Turns out, Mafia women have potty mouths and colorful vocabularies they aren’t above using when they're cooking and away from the menfolk. And I'm a good listener. And an even faster learner. Except when it came to realizing that I am absolute shit at singing in front of others. A bit late to realize that, isn’t it? After you’ve upended your entire life to pursue it?

"Solene, open up." Declan bangs on the door again. "Solene. Open. The. Door. Now." He lowers his voice to a hush and the force of his personality shudders through the space. There’s something strident, something so demanding in his tone that I automatically rise to my feet. I walk to the door, unlock it, and he pushes it open. His big frame fills the doorway. His shoulders are bunched, his jaw set so hard, he’s probably already cracked a molar. His nostrils are flared, and his hair is tousled like he’s run his fingers through it. He glares at me; I tip up my chin.

"The fuck is wrong with you?" he growls.

I firm my lips. "The fuck is wrong you?" I yell, then slam my hands into his chest. Stronzo’s bigger and stronger than I remember, and I haven’t grown a centimeter since I reached my five-foot-four-inch height at seventeen, but I must take him by surprise, for he stumbles back a little.

I brush past him and am almost free when he grabs my arm and swings me around to face him.

I lower my head, so my hair falls over my features.

Not that it makes a difference. He pinches my chin and applies enough pressure that I have to tilt up my face.

I glance away to avoid meeting his eyes.

"Have you been crying?" he demands.

"What’s it to you?"

"Have you, Rabbit?"

I wince. "I wish you wouldn’t call me by that nickname."

"You resemble a very uncertain rabbit right now, one trying to hide from the world by locking yourself up in the bathroom and feeling sorry for yourself."

I brush the wetness from my face. "I’m not feeling sorry for myself."

"Hmph." I sense him continuing to appraise my features. "Want to talk about it?"

"Want to let go of my chin?"

"You first." His grip on my chin is unyielding. The angles of his body settle into a pattern that tell me he intends to wait me out.

"We’re going to be late," I point out.

"Our appointment can wait."

I swivel my gaze in his direction, and at once, those hypnotic blue eyes snap on mine.

Mistake, mistake. Now I won’t have a choice but to tell him about my fears.

When he looks at me with his all-seeing eyes, I can never hide anything from him.
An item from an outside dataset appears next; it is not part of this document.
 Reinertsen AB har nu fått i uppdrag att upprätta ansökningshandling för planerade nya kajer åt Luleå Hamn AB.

"That’s a very influential person you’re talking about," I say softly.

"Don’t change the topic, Rabbit."

I blow out a breath. "I’m nervous, okay? I’ve never sung in front of an audience before."

"Eh?" He seems taken aback. "When I saw you on the beach, you were singing aloud."
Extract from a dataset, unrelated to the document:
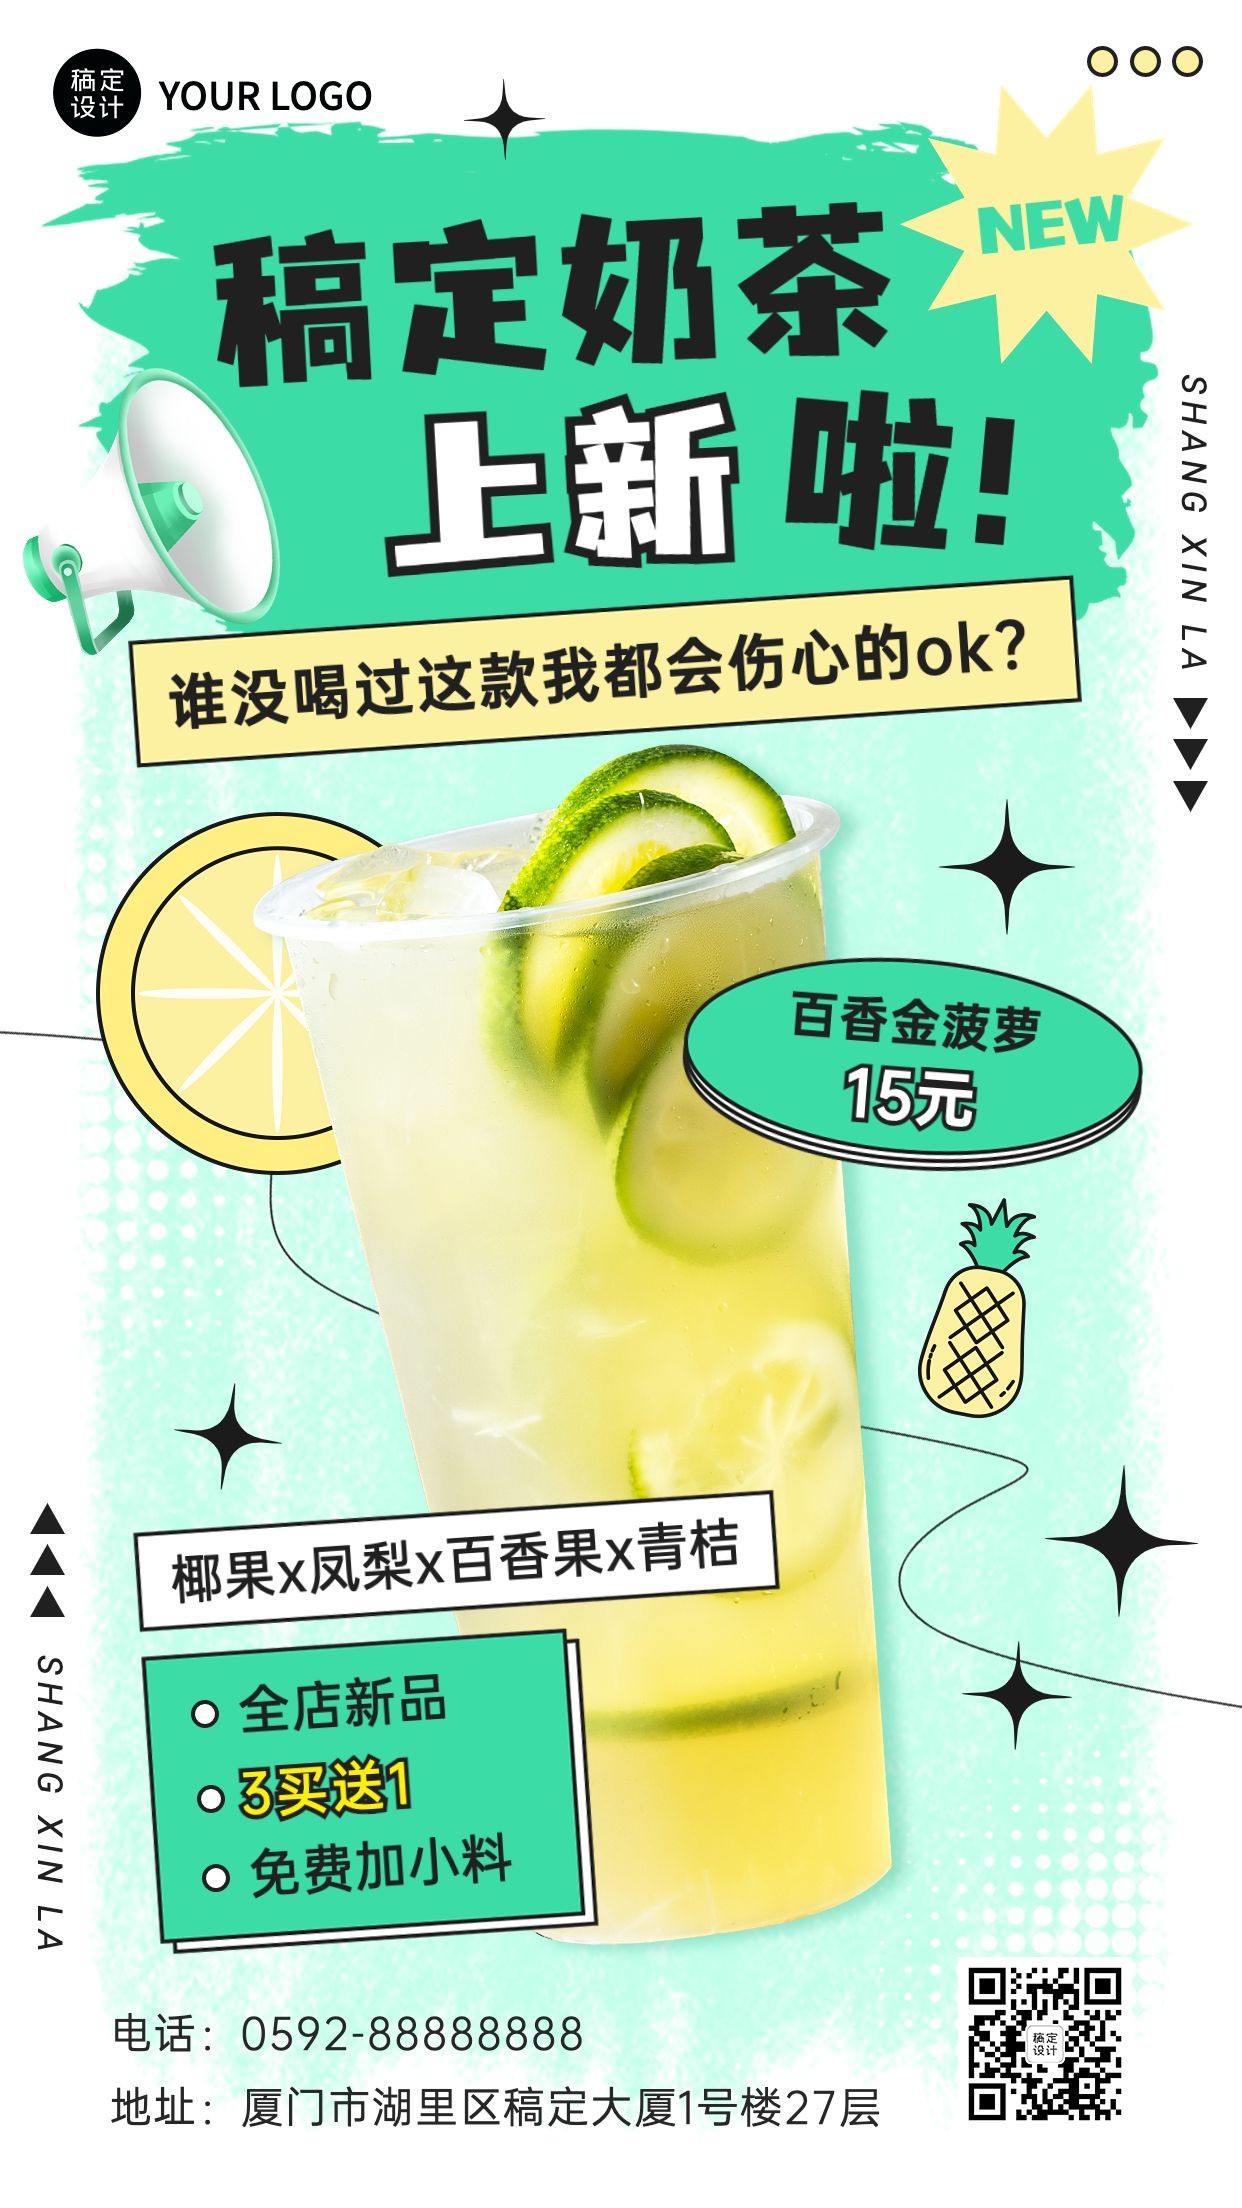 餐饮奶茶饮品新品上市营销手机海报预览效果

"To myself, with the waves for company, not to mention those jerk faces who decided it would be fun to jump me."

"And me," he reminds me.

"A-n-d you," I agree.

"Do you want me to tell you again how fresh and different your voice is? Is that what this is about? If you’re looking for an ego-boost..."

"I’m not, you douchebag. I’m simply telling you why I’m out of sorts. I’ve only sung in front of my family or in the shower before this.”

“In the shower?” His eyebrows knit.

I resist the urge to roll my eyes. “My family forbid me to sing in front of strangers, so yeah, the only way to get practice was to sing in front of them or when I was alone, and I much preferred to do so when I was on my own.”

“So?”

“So?” I slap my palms on my hips. “So, this will be my first audition, you pezzo di—"

He glares at me, and I slap my lips together. Fine, maybe that particular insult in Italian is a step too far, but he deserves it. He holds my gaze for a second longer then nods. "Fine then, let’s practice before we leave." He releases my chin, but I’m too shocked to move.

"Eh, wh-what do you mean?"

"You’re nervous. You think you haven’t practiced enough. You’re not sure how you’re going to sound, so go on, sing."

He steps back, leans a hip against the wall and says, "Go on, then."

"Piss off," I snap.

"For a sheltered Mafia princess, you sure have a colorful vocabulary."

"If you only knew." I toss my hair over my shoulders. "And I’ll be damned if I’m going to sing for you here."

"Either you sing for me here and get practice, or we head over to our appointment, and you can sing for the leading talent manager in the business."